It’s hard to believe that with the advanced human-based simulator technologies available that the military still continue to abuse and torture thousands of animals in the United States every year in the name of ‘training’ and ‘research’.
Approximately 30 years ago the military devised a plan to obtain 80 dogs from animal shelters, string them up and shoot them with high powered rifles so military personnel could learn how to treat traumatic injuries. After PETA leaked the story to The Washington Post, the then Secretary of Defense Caspar Weinberger, a passionate dog lover, put a stop to the madness and shortly after the use of dogs, cats and primates in training drills was banned, but this move did not protect numerous other species of animals that were, and still continue to be tortured by these unnecessary experiments.
Today thousands of pigs and goats are stabbed, shot, dismembered and killed in U.S military training drills. In a New York Times article, one service member described what happened to a pig during one of these ‘training’ exercises. “They shot him twice in the face with a 9-millimeter pistol, and then six times with an AK-47 and then twice with a 12-gauge shotgun. And then he was set on fire. I kept him alive for 15 hours.”
In 2012, never before seen footage was released showing disturbing undercover footage of live goats having their limbs cut off with tree trimmers, being stabbed with scalpels causing internal injury, and having their abdomens cut open in order to pull out their organs, all while the goats moaned and kicked. Veterinarians that reviewed the video stated that it was highly likely that the animals were not adequately anesthetized.
The above are not isolated incidents. Internal documents and published experiments from the armed forces reveal that the U.S military test everything from chemical and nuclear agents to bombs and biological weaponry on live animals.
The military continues to use and abuse animals for both training and research experiments despite the fact that military regulations require the use of “methods other than animal use” when they are available, and they are available in the form of simulation technology which is already widely embraced by over three quarters of our NATO allies.
Thankfully a federal bill to put an end to these archaic and barbaric practices by the military has been reintroduced and will prohibit the use of live animals for both medical and combat trauma injury training exercises for good.
The BEST Practices Act addresses the horrific animal abuses carried out by the military to simulate battle conditions and injuries by targeting live animals.

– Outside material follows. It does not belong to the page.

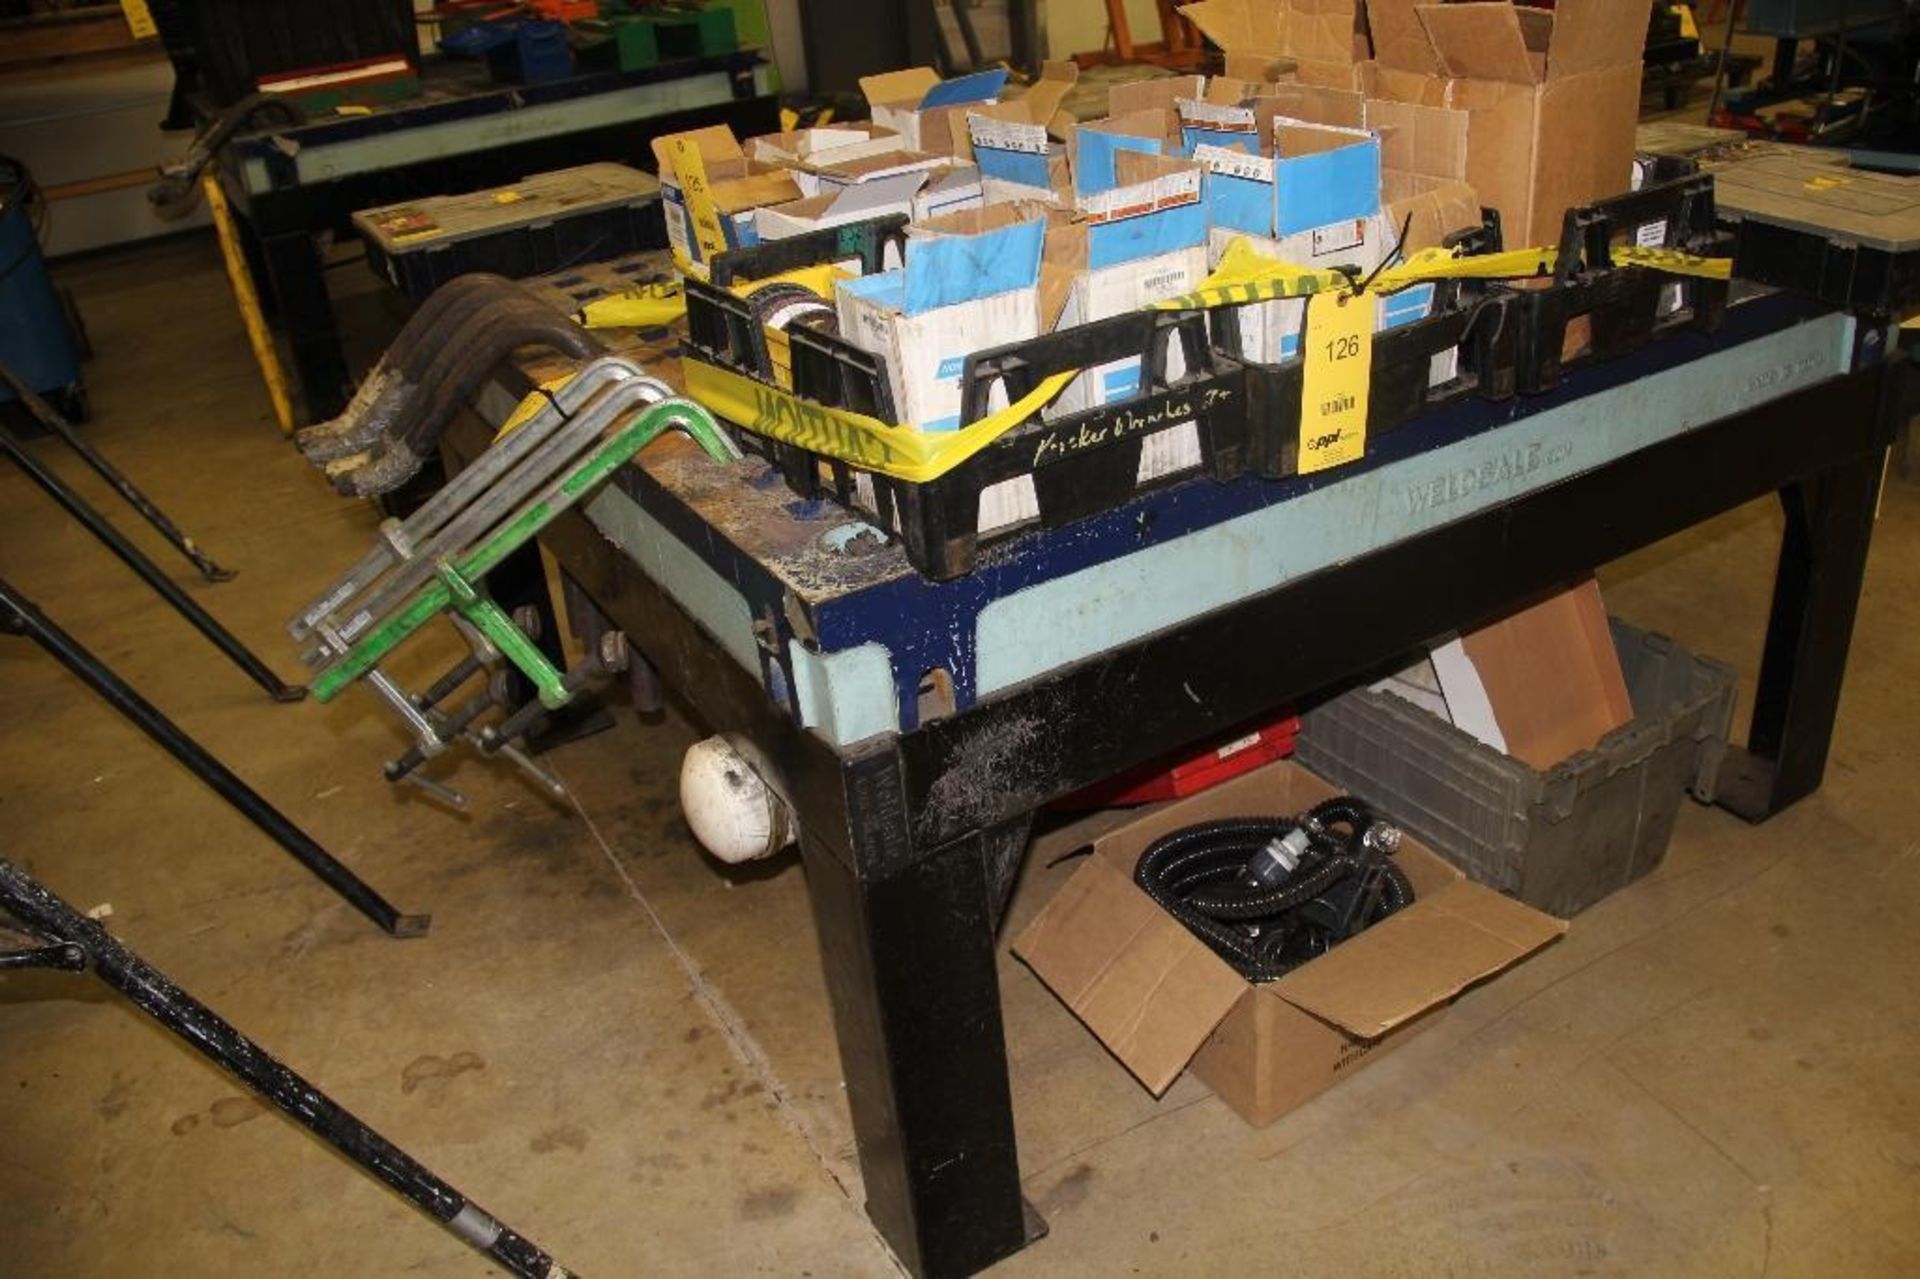 Weldsale 5 ft. x 5 ft. x 32 in. High Welding Table (SALE SUBJECT TO SECURED LENDER'S APPROVAL) - Image 3 of 3

Senator Ron Wyden, one of the driving forces behind the BEST Practices Act said, “Today’s technology can provide extremely life-like training simulations that better represent the anatomy of a soldier and more realistically simulate the conditions on the battlefield. The DoD should phase out the use of live animals in favor of more realistic and humane technologies that will provide better overall trauma training.”
Take action now by signing the Care2 petition. You can also contact your U.S Representative and ask him or her to support the BEST Practices Act. Another way to show your support is to write to the U.S Department of Defense and Homeland Security urging them to replace the use of animals with humane and superior human-based simulator alternatives.
Non-human animals may not be on the battlefields, but they too are the victims of war. It is our responsibility to speak out against this violence and ensure the military honor pledges made to replace these cruel practices.